Le principe de l'interdiction de destruction des espèces protégées est inscrit dans le code de l'environnement. Mais ce dernier prévoit, dans le même temps, la possibilité de déroger à cette interdiction dès lors que plusieurs conditions sont réunies. Dans le cadre de leurs projets, de nombreux aménageurs et exploitants font des demandes d'autorisations de destruction d'espèces protégée auprès du préfet.
La Dreal Occitanie a établi une synthèse de la jurisprudence nationale portant sur les dérogations bénéficiant aux projets d'aménagements et d'infrastructures. Les conclusions de cette analyse, effectuée par l'avocate stagiaire Morgane Massol et rendues publiques le 2 avril, sont très instructives. La majeure partie des autorisations préfectorales de dérogation ont été suspendues ou annulées par la justice. L'absence de « raisons impératives d'intérêt public majeur » en est très souvent la cause.
« Dérogation érigée en droit »
Cinquante-six pour cent des 125 décisions de justice analysées, rendues par les trois niveaux de juridictions administratives, ont suspendu ou annulé les arrêtés préfectoraux. « On voit très bien, par cette analyse jurisprudentielle, que la dérogation a été érigée en droit, en droit à détruire. Et cela, dès le départ. Car les autorisations sont quasi systématiquement accordées, même dans le cas d'avis défavorable du Conseil national de protection de la nature », analyse Gabriel Ullmann, docteur en droit.

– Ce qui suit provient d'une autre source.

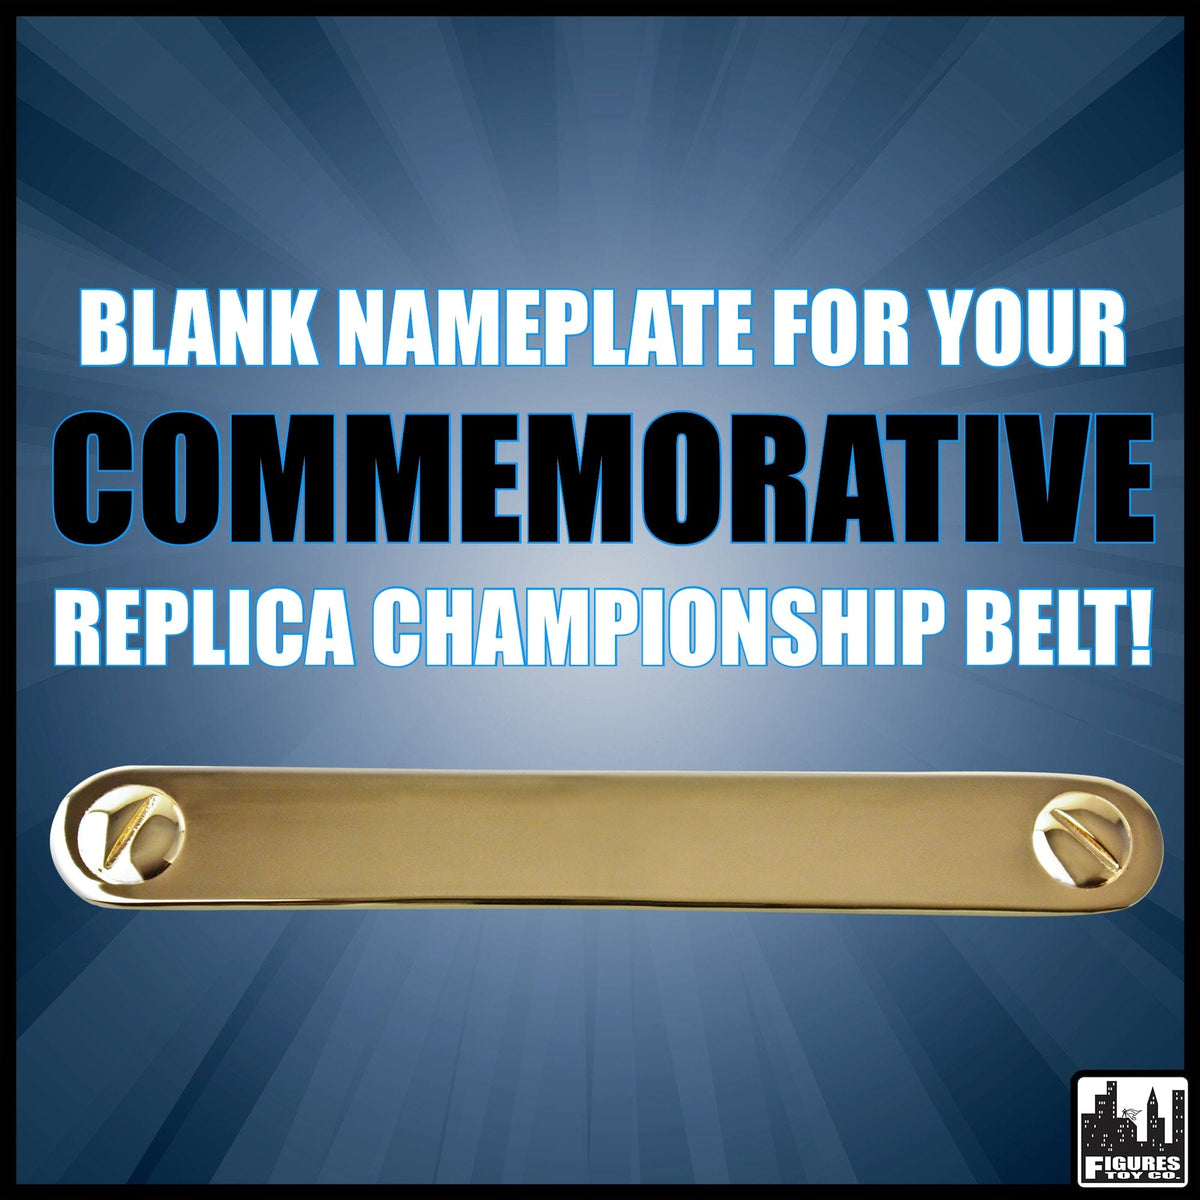 BLANK Nameplate for WWE Replica Commemorative Championship Belts

Trois conditions cumulatives doivent être réunies pour que puisse être accordée une dérogation. En premier lieu, qu'il n'existe pas de solution alternative satisfaisante. Ensuite, que la dérogation ne nuise pas au maintien, dans un état de conservation favorable, des populations des espèces concernées dans leur aire de répartition naturelle. Enfin, que le projet réponde à une « raison impérative d'intérêt public majeur ».
L'absence de cette dernière condition motive la majorité des décisions d'annulation ou de suspension rendues. En effet, sur les 57 décisions annulées pour des raisons de fond, 79 % le sont pour cette cause, rapporte l'étude. « L'essentiel des décisions porte sur l'absence de caractère impératif et/ou majeur du projet, plus que sur l'intérêt public lui-même », explique la Dreal. En d'autres termes, il ne suffit pas de démontrer l'intérêt public d'un projet, son caractère impératif et majeur devant l'être également.

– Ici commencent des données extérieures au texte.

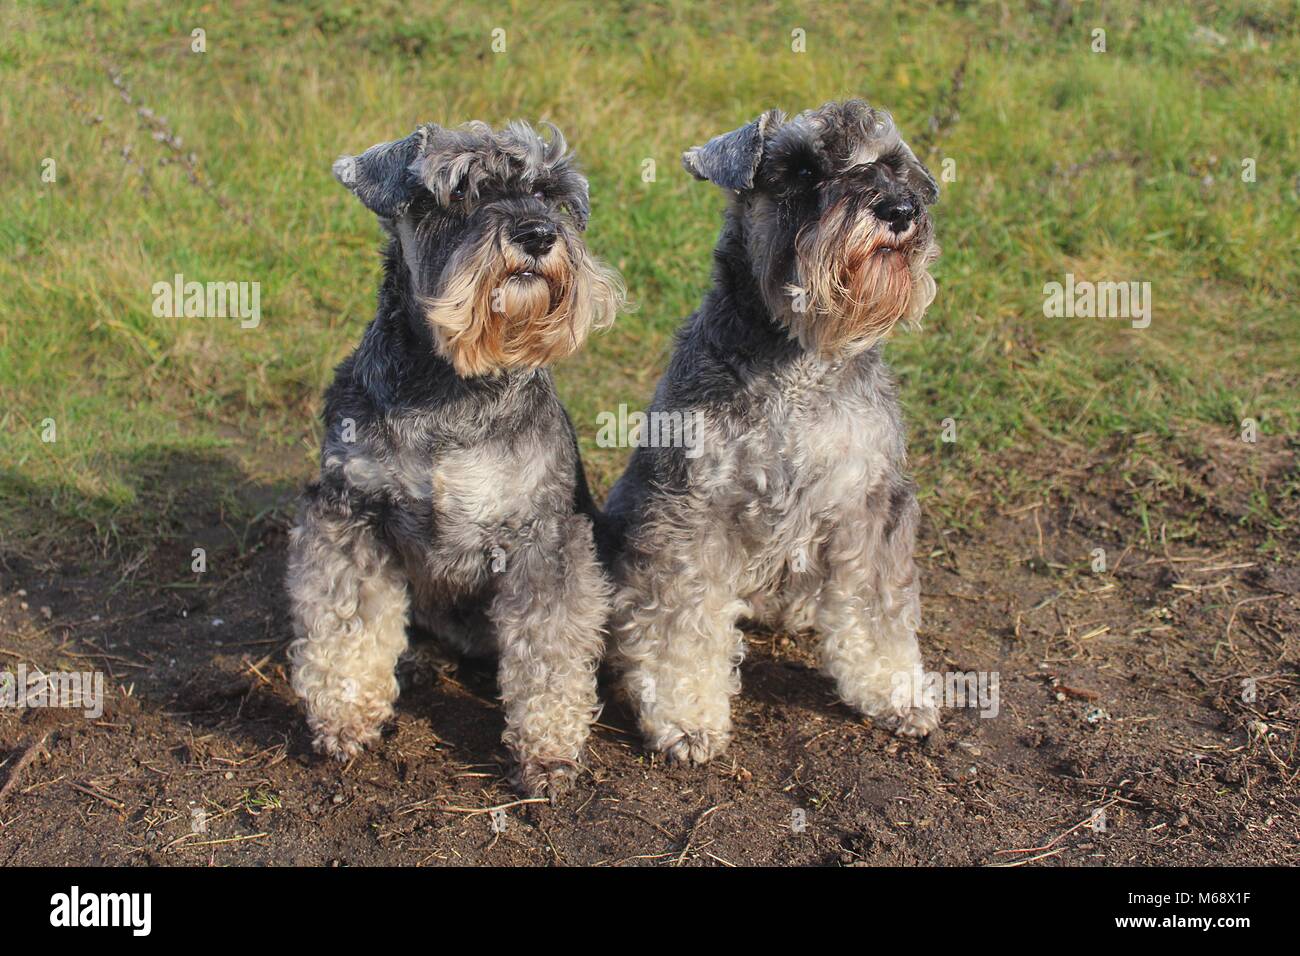 salt and pepper schnauzer for sale

Carrières et zones d'activité particulièrement touchées
Autre enseignement de l'étude : aucun projet n'est systématiquement exclu du bénéfice de la dérogation, ni en fonction de son type, ni de la qualité de la personne qui le porte, publique ou privée. Mais certaines catégories de projets ressortent davantage visées par les annulations ou les suspensions. C'est le cas des carrières (83 % des décisions annulées ou suspendues), des constructions de logements (75 %) et des zones d'activité (72 %), tandis que les autres projets présentent des taux plus faibles : projets d'énergie (44 %), infrastructures (44 %).
Absence de ligne jurisprudentielle claire et précise
La Dreal souligne qu'il n'existe aucune définition des « raisons impératives d'intérêt public majeur », ni dans les textes français, ni dans les textes communautaires. L'analyse de la jurisprudence se révèle donc primordiale. Mais « aucune définition n'est donnée par le juge », pointe aussi la Dreal dans une note plus spécifiquement attachée à l'analyse jurisprudentielle de cette condition. Et ce, précise-t-elle, malgré les quelques décisions du Conseil d'État en la matière, en particulier celle du 24 juillet 2019 portant sur le centre commercial Val Tolosa.

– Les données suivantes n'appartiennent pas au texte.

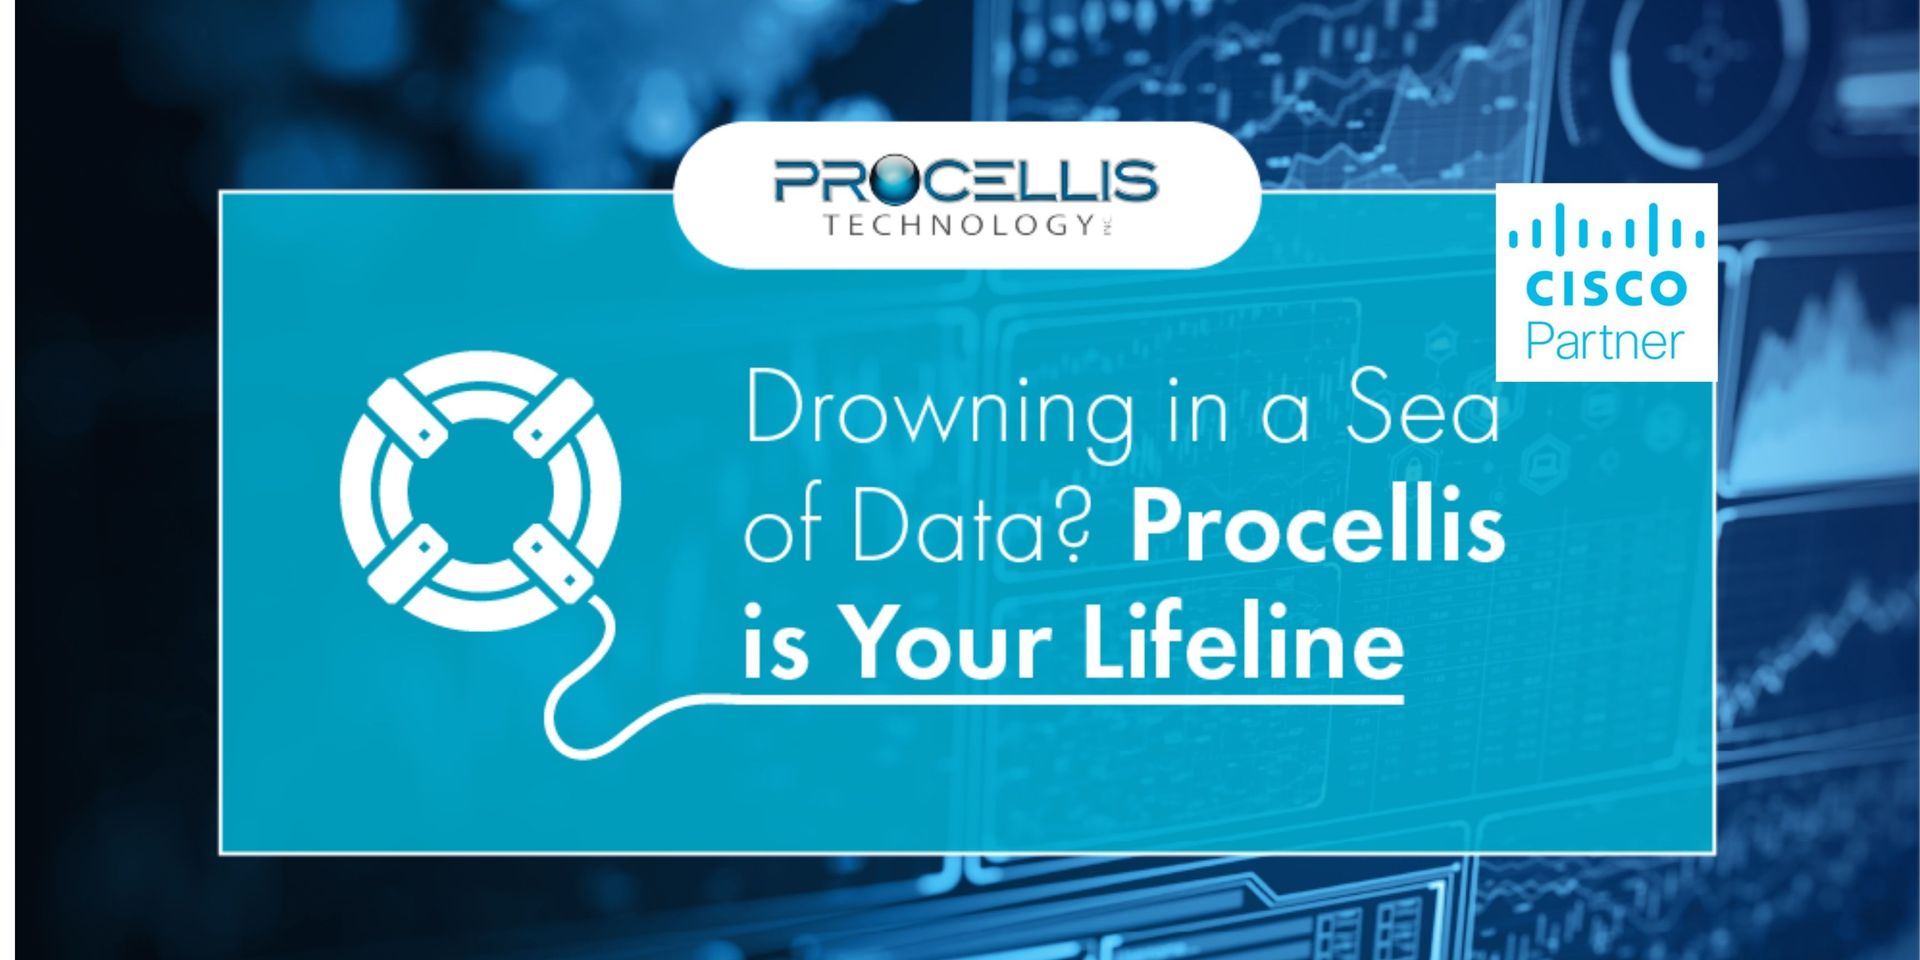 Drowning in Data?  Procellis is your lifeline

« Certaines formules sont employées régulièrement par les juges", relève la Dreal, mais elles sont floues et les juges ne les appliquent pas toujours à bon escient, ajoute-t-elle. Conclusion de l'analyse ? Une absence de ligne jurisprudentielle claire et précise. « Les décisions se suivent et ne se ressemblent pas, notamment en raison du fait qu'il s'agit de décisions de première instance et d'appel, où chaque juge apprécie au cas par cas la notion », explique Morgane Massol. « Une définition claire et précise par la Cour suprême serait la bienvenue », estime l'avocate.
« Vu les annulations en cascades, qui s'accélèrent d'ailleurs, je parie qu'au nom de la sécurité juridique et de la liberté d'entreprendre, la loi sera changée afin d'alléger les exigences et ne plus conduire à des annulations, quelles que soient les conséquences en termes de destruction de la biodiversité », parie de son côté Gabriel Ullmann.